As Spain continues to suffer under successive heatwave events that claimed more than 1,000 lives last month, Barcelona’s authorities have begun distributing smart bracelets designed to monitor the body temperature of outdoor workers, functioning as an early warning system against potentially life-threatening health risks. Nearly 1,400 bracelets have been distributed in total, reaching street cleaners, lighting crews, park workers, and other outdoor municipal staff.
Read also: Spain: Over 1,000 dead from the heatwave in June — the first half of 2026 broke every heat record
Spain heatwave: The bracelet that measures body temperature
The decision was made in response to an “increasingly aggressive” climate crisis, according to Pep Limona, prevention coordinator for the city’s parks service. The bracelet continuously monitors the body temperature of outdoor workers and emits an audible alert when it detects a dangerous threshold has been reached — at which point the worker must immediately stop working. The measure comes as a growing number of outdoor workers in Spain have lost their lives to extreme heat in recent years.
Heat-related deaths more than doubled in June
According to data released by the Carlos III Health Institute in Madrid, more than 1,000 heat-related deaths were recorded across Spain in June — a period during which several European countries faced intense heatwave conditions. The total number of deaths attributed to the heat reached at least 1,028.

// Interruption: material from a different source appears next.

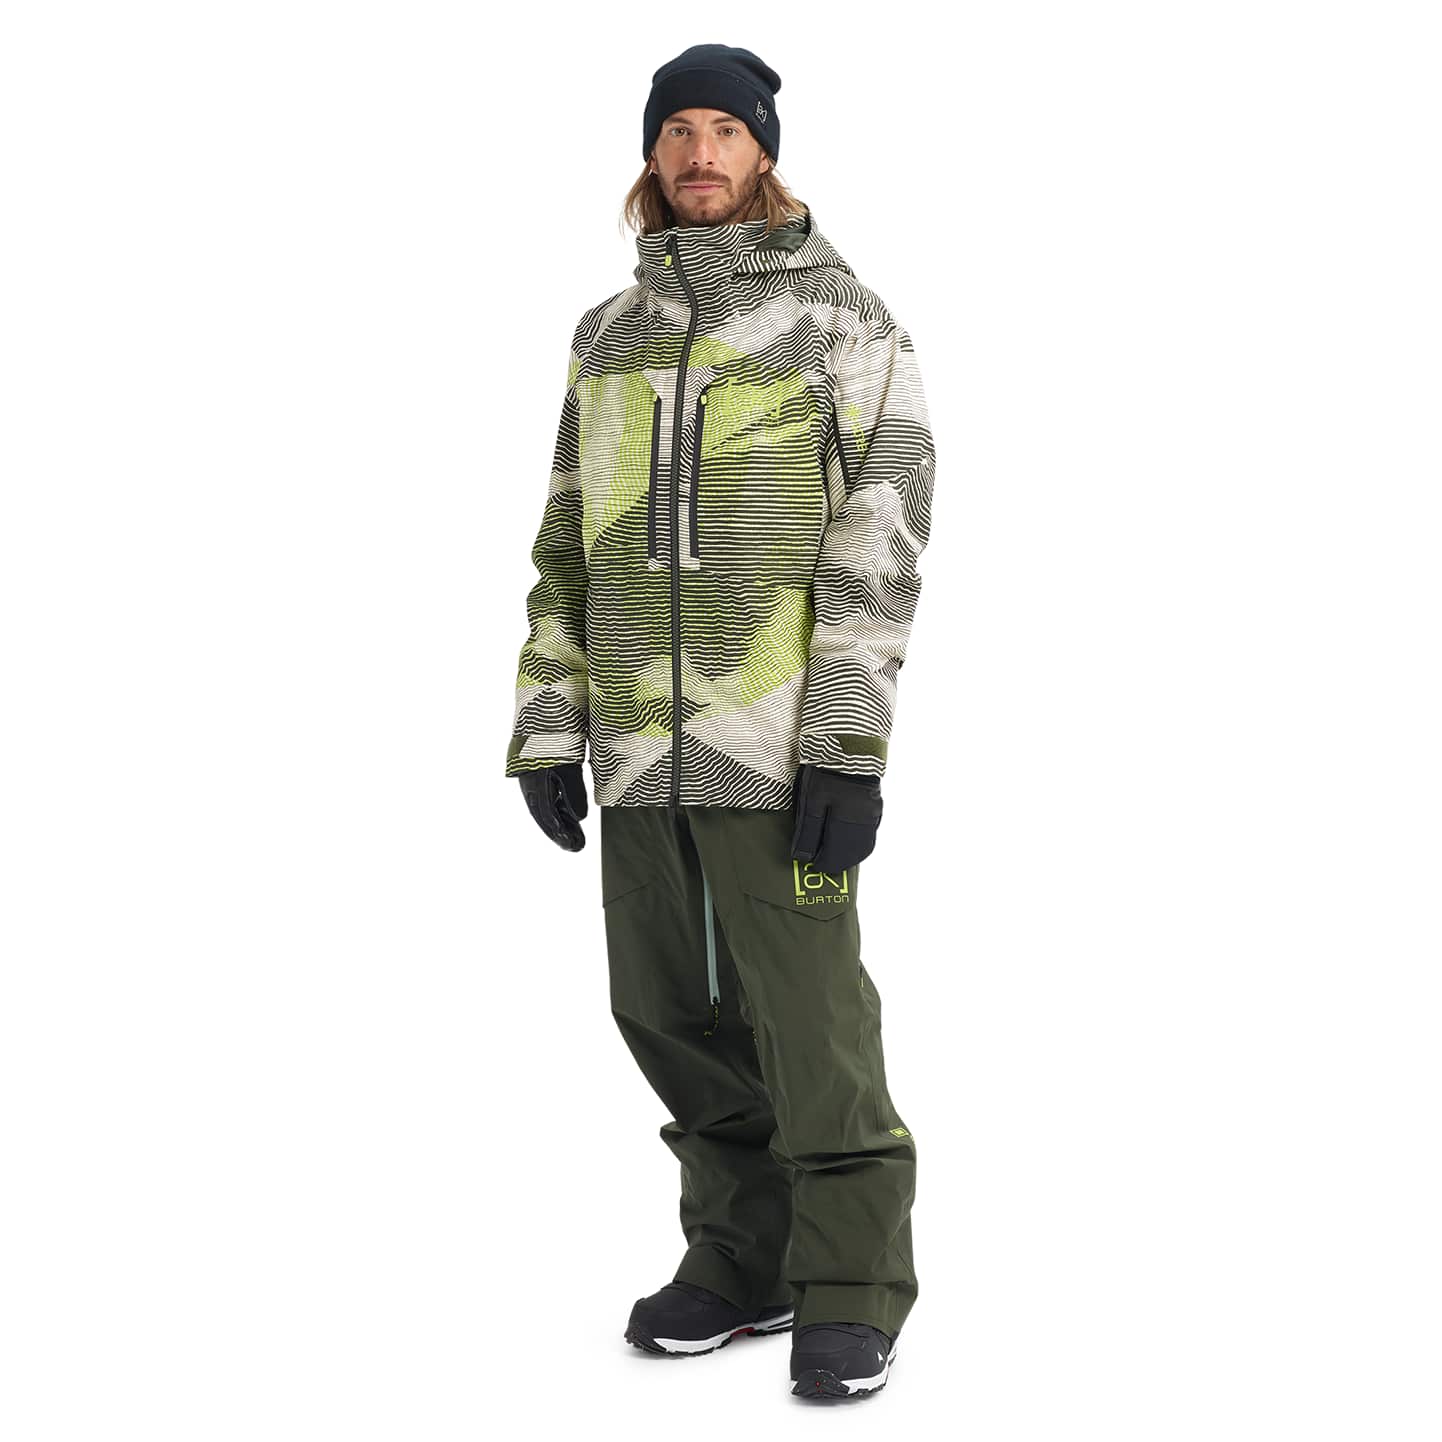 Burton AK Swash GORE-TEX 2L Pants サイズXL ウエア/装備(男性用) スノーボード スポーツ・レジャー 新品入荷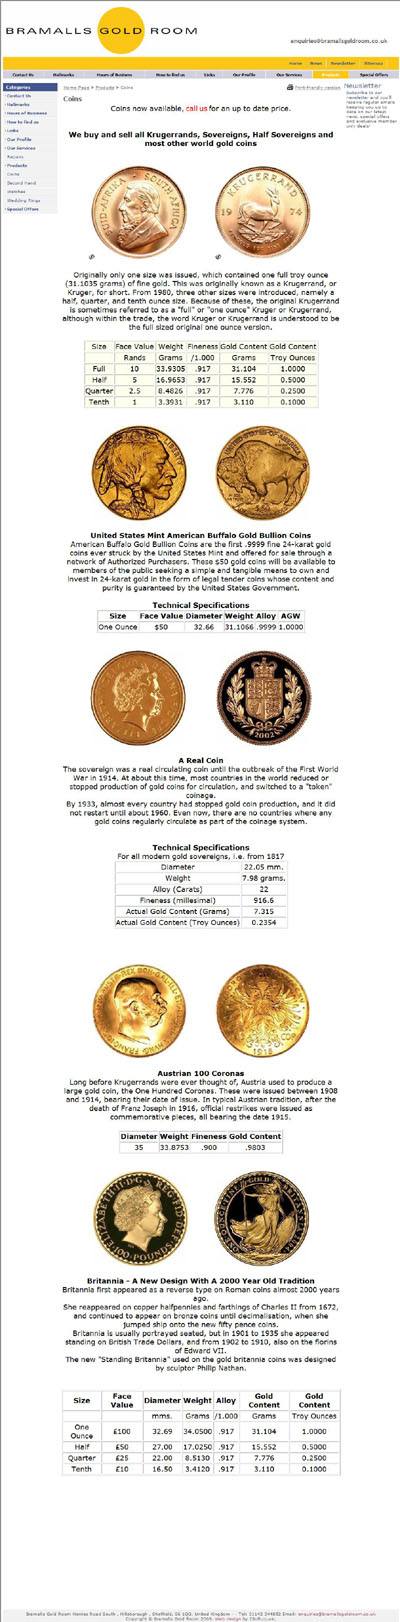 Bramalls Gold Room (bramallsgoldroom.co.uk) Gold Coins Page

This figure represents more than double the 407 heat-related deaths recorded in June 2025, which was itself the hottest June ever documented since Spain’s national meteorological agency, Aemet, began keeping statistical records.
Aemet also announced that the first half of 2026 as a whole was “the hottest ever recorded” in Spain, with average temperatures running 1.6 degrees Celsius above normal levels. “The seven hottest first-half periods” in records dating back to 1961 “have all occurred within the last ten years,” the agency noted in a post on X.